For real information on what our dads did in the war, we had to turn to our mothers. Mine was glad to share her meticulously kept scrap books with photos, postcards, newspaper clipping, maps, V-mail letters, and even un-used ration stamps. And she dug out the long buried footlocker in the basement chocked full interesting stuff. I claimed a khaki overseas cap, which for a season or two I wore everyday in lieu of my customary cowboy hat, a web belt, canteen, mess kit, ammo pouches, a gas mask bag, and a helmet liner. I was outfitted well for the endless games of war the neighborhood boys played in backyards among hedges and window wells.
On Sunday afternoons I was glued to the TV documentaries about the war that were still a staple of the air—the Army’s The Big Picture, Victory at Sea, Silent Service, and most episodes of Walter Cronkite’s The Twentieth Century. And then there were the old movies that played on the daily movie matinee show which came on just as I got home from school. I thought I knew what war was about.Finding a well-thumbed copy of Mauldin's Up Front was an eye-opener for World War II teen fan boy in Cheyenne, So was Ernie Pile's collected columns in This is Your War.
But of course, I didn’t know squat. Until I found in my mother’s bookshelves well-thumbed editions of This is Your War, a collection of columns by the great war correspondent Ernie Pyle and a couple of collections of Bill Mauldin’s Willie and Joe cartoons for Stars and Stripes.
Both Pyle and Mauldin rose to fame covering the brutal, unglamorous Italian campaign as troops slogged slowly north through the Boot against stubborn German resistance, treacherous mountainous terrain, rubble strewn street fighting, supply shortages, and often incompetent leadership. So much for Winston Churchill’s “soft underbelly of Europe.” Fighting there dragged on after it was relegated to a side show and Allied troops, liberated at last from the Normandy beaches, were racing across France far to the north.
Both men talked about the war from the front line perspective of the G.I. dogface—exhausted, bitter, cynical, stripped of all illusions of glory, immune to patriotic exhortations, and suffering as much at the hands of clueless generals and idiot second lieutenants as from the usually unseen Nazis. Pyle drew the picture with words. Mauldin just drew the picture.
And remarkably, he did so in the official GI newspaper Stars and Stripes as a sergeant in the Army he chronicled. Willie and Joe were his creation to represent the lives of the grunts on the ground. They were unshaven, slovenly, and perpetually exhausted. They looked in those drawings like old men. But Mauldin, who was only 22 and looked years younger, pointed out that Willie and Joe were the same age he was. War did that to them.

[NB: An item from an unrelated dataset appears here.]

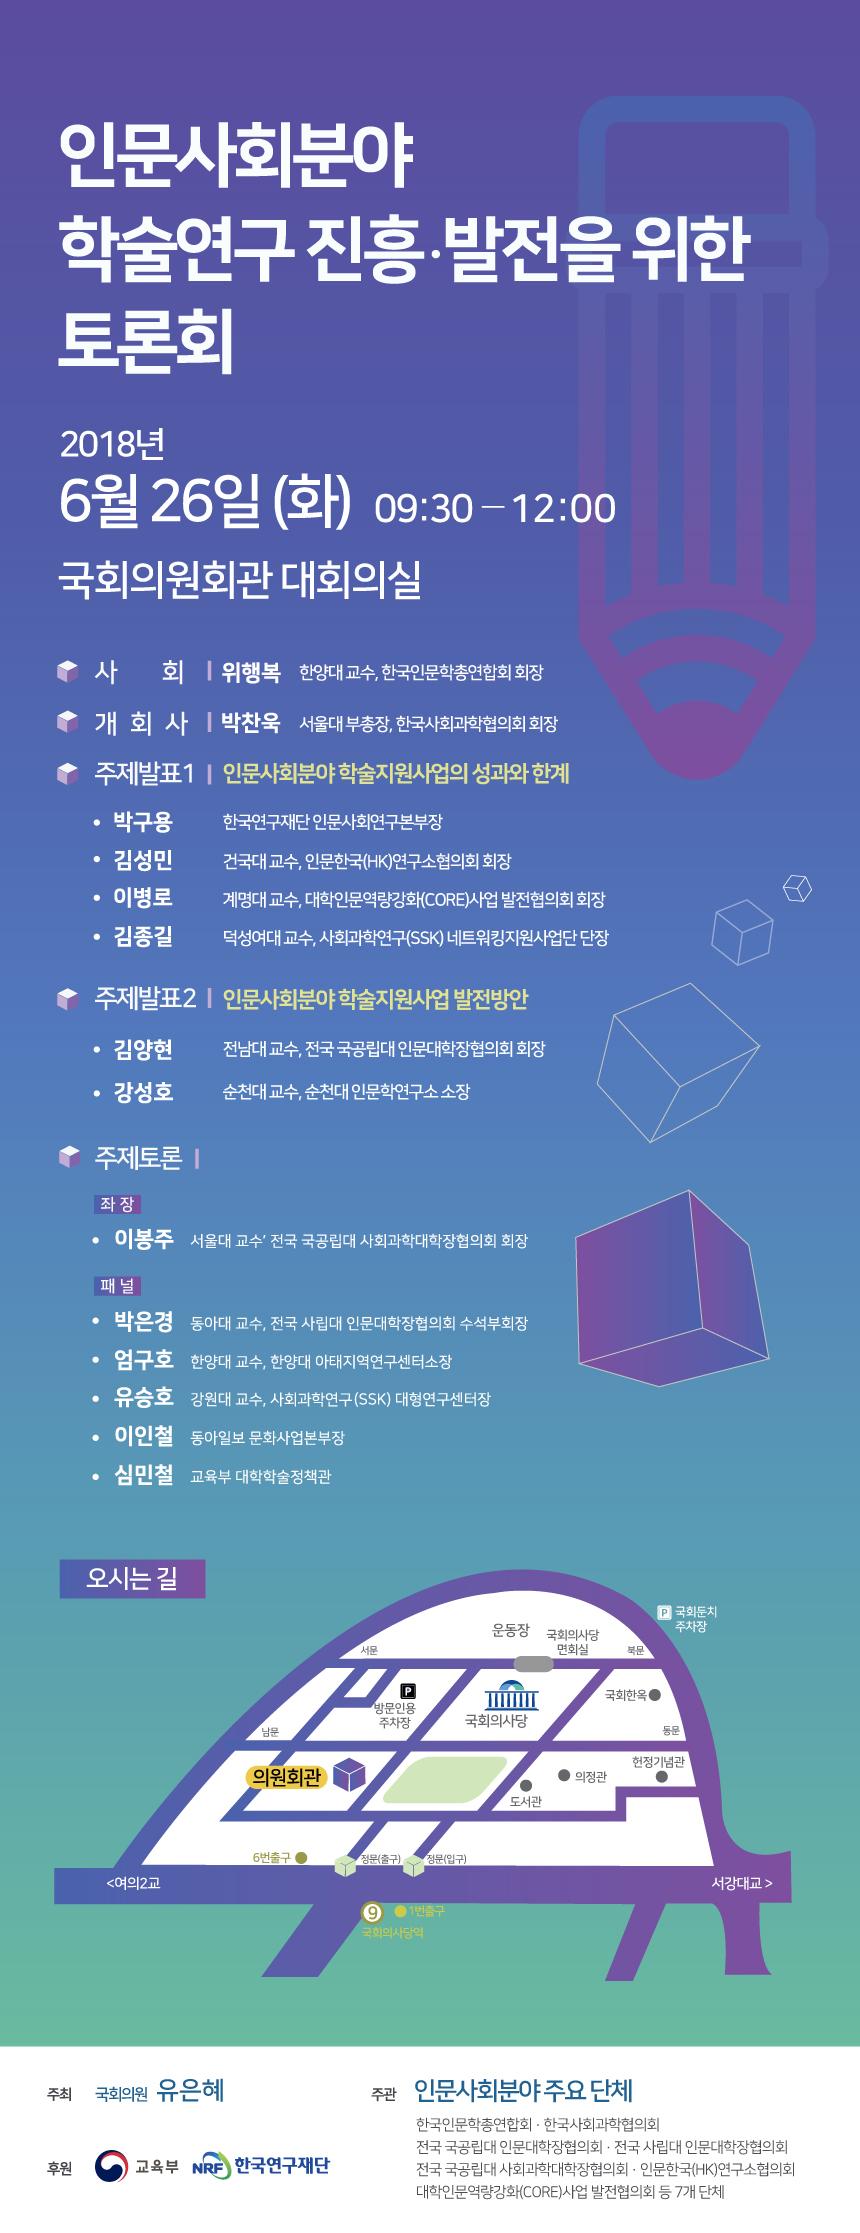 03(eDM) 인문사회분야 학술연구 진흥 발전을 위한 국회 토론회 포스터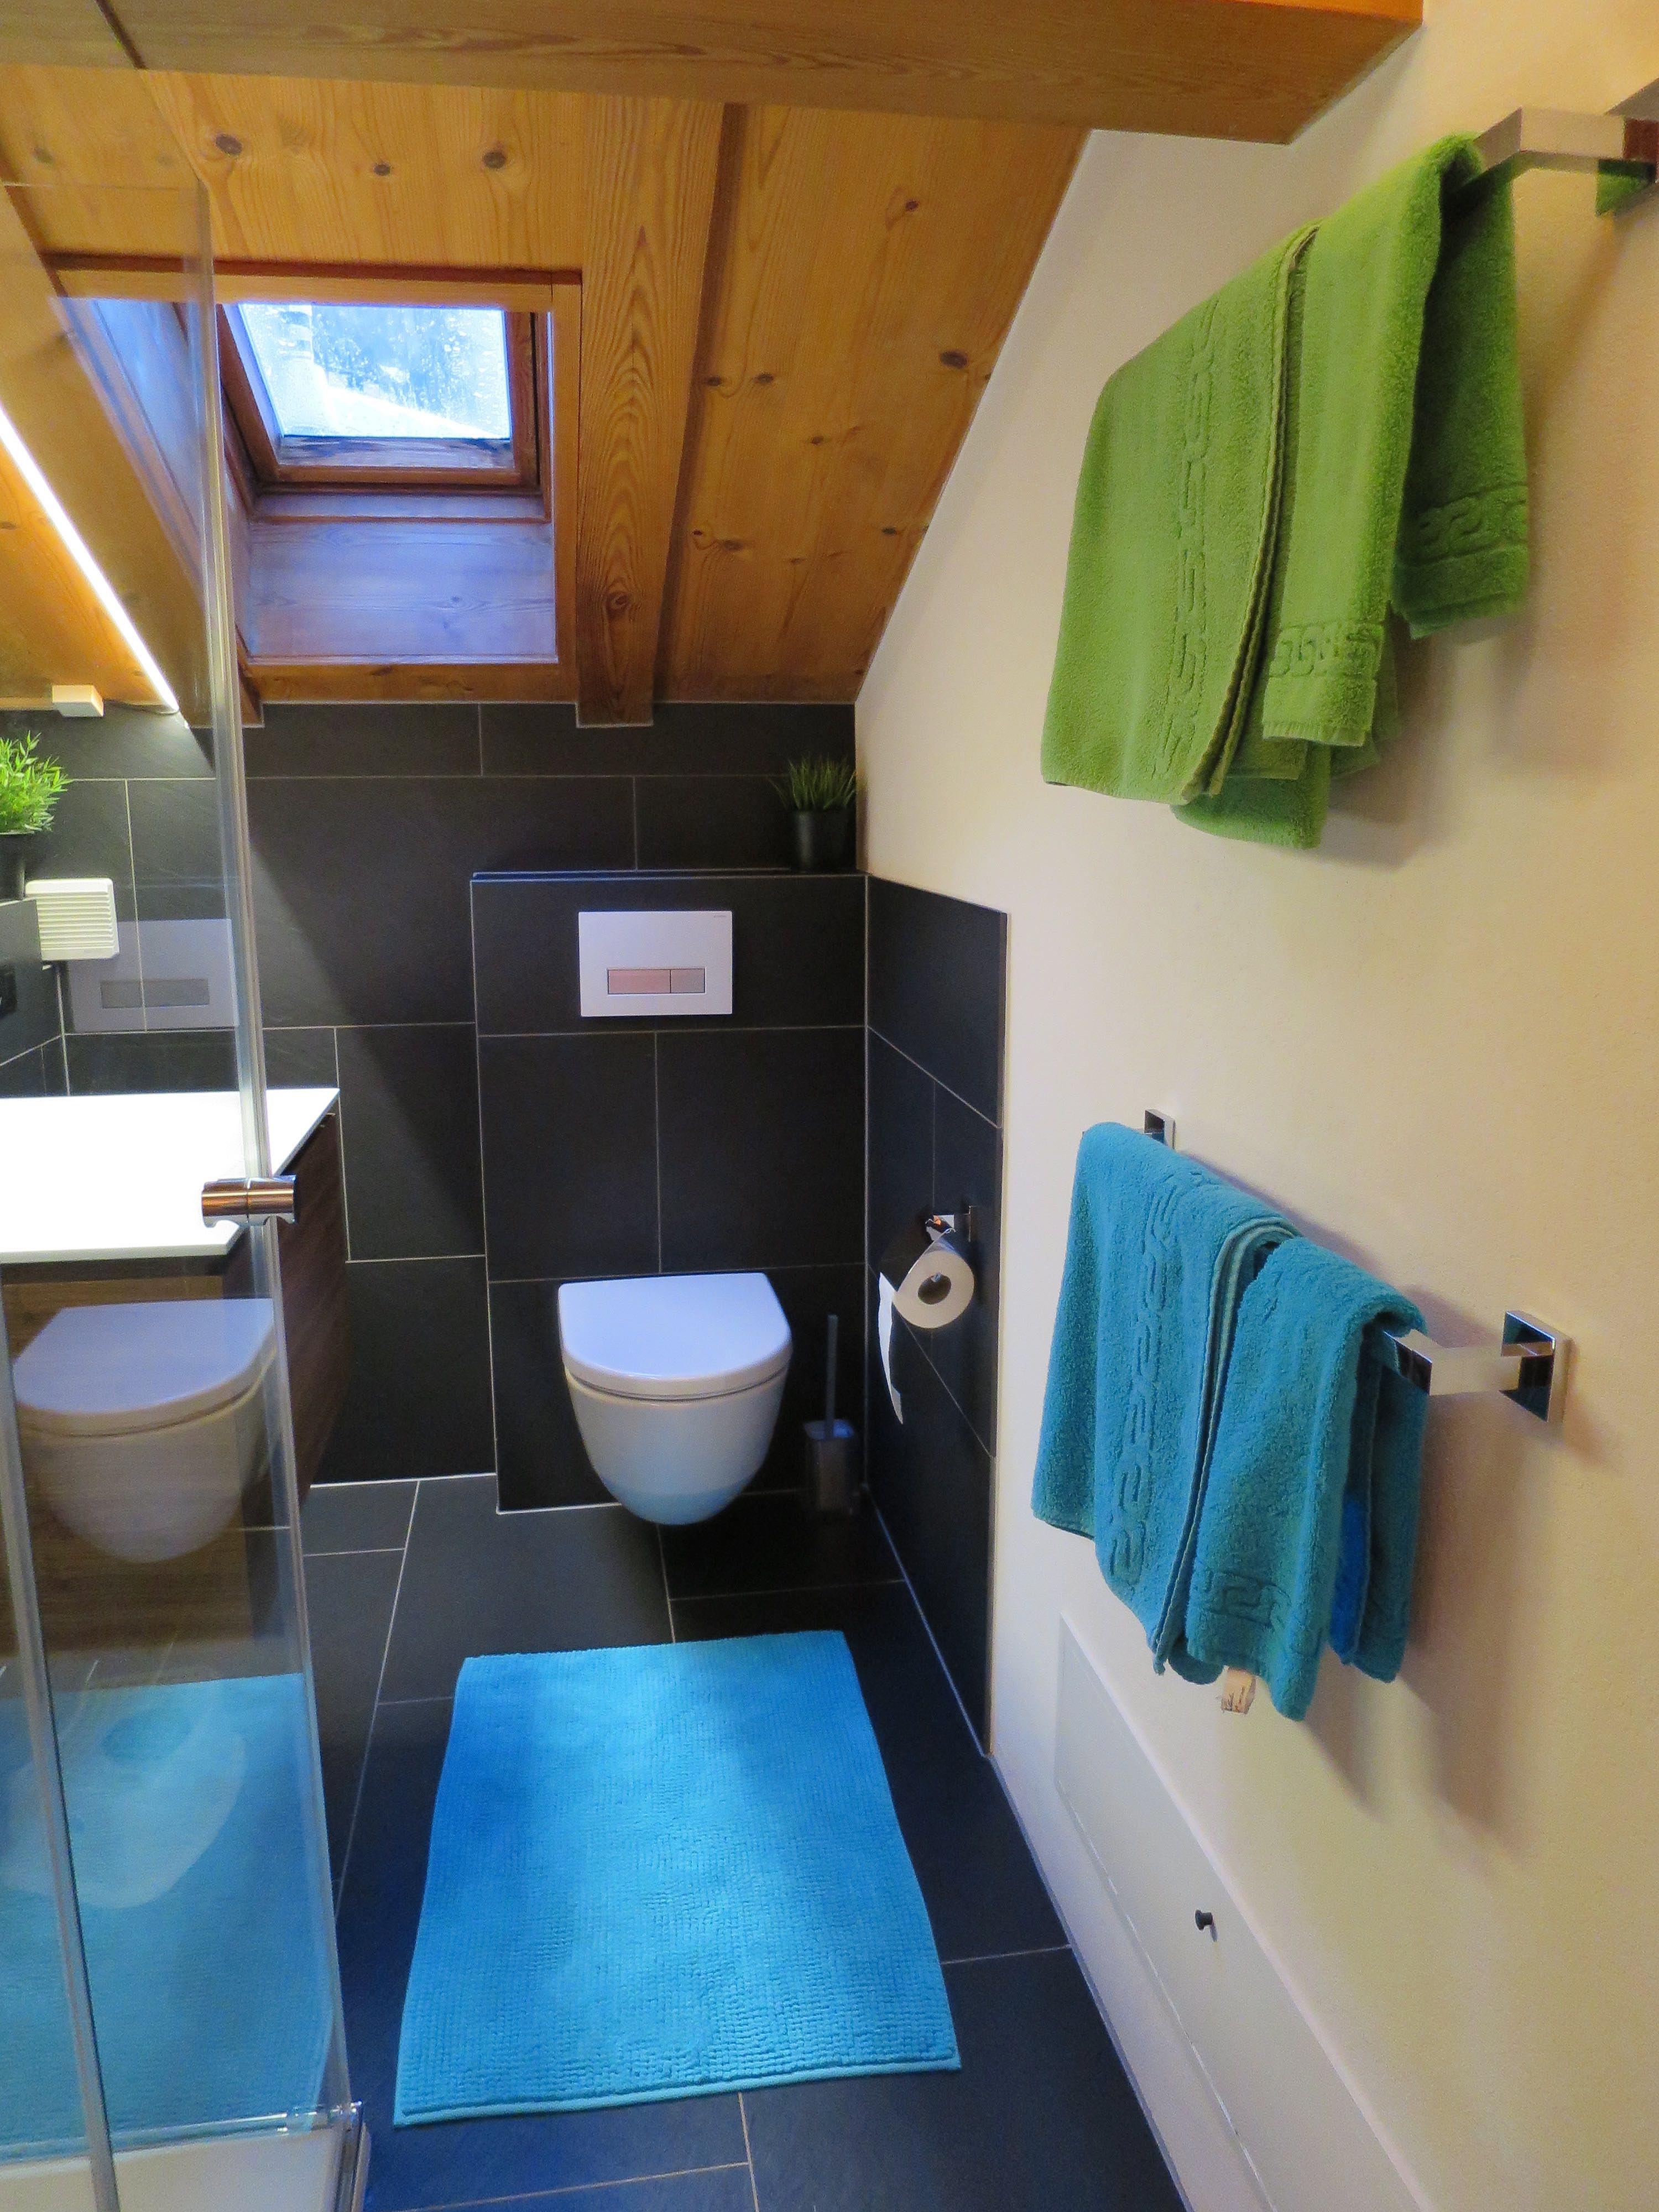 casaseraina | badezimmer klein, Badezimmer

The old spit-and-polish brass hated Mauldin and often tried to get him banned from the paper or refused to issue passes to their front line units—where he went anyway, regardless of any stinking passes. General George Patton called him to his headquarters and threatened to have him arrested for disturbing morale. Dwight Eisenhower had to personally intercede with orders to leave Mauldin alone. He thought the comics helped his men “let off steam.”Stuff like this jab a Old Blood and Guts got Mauldin personally called on the carpet by George Patton. General Eisenhower had to personally intervene to keep him out of trouble and in print.
Mauldin was born on October 29, 1921 in Mountain Park, New Mexico. His family was no stranger to the military. His grandfather was a cavalry scout in the campaigns against the Apache. His father was an artilleryman in World War I.
The family moved to Phoenix, Arizona where Mauldin finished high school and became interested in art. He enlisted in the Arizona National Guard, but was able to go to Illinois where he attended classes at Ruth VanSickle Ford’s Chicago Academy of Fine Art.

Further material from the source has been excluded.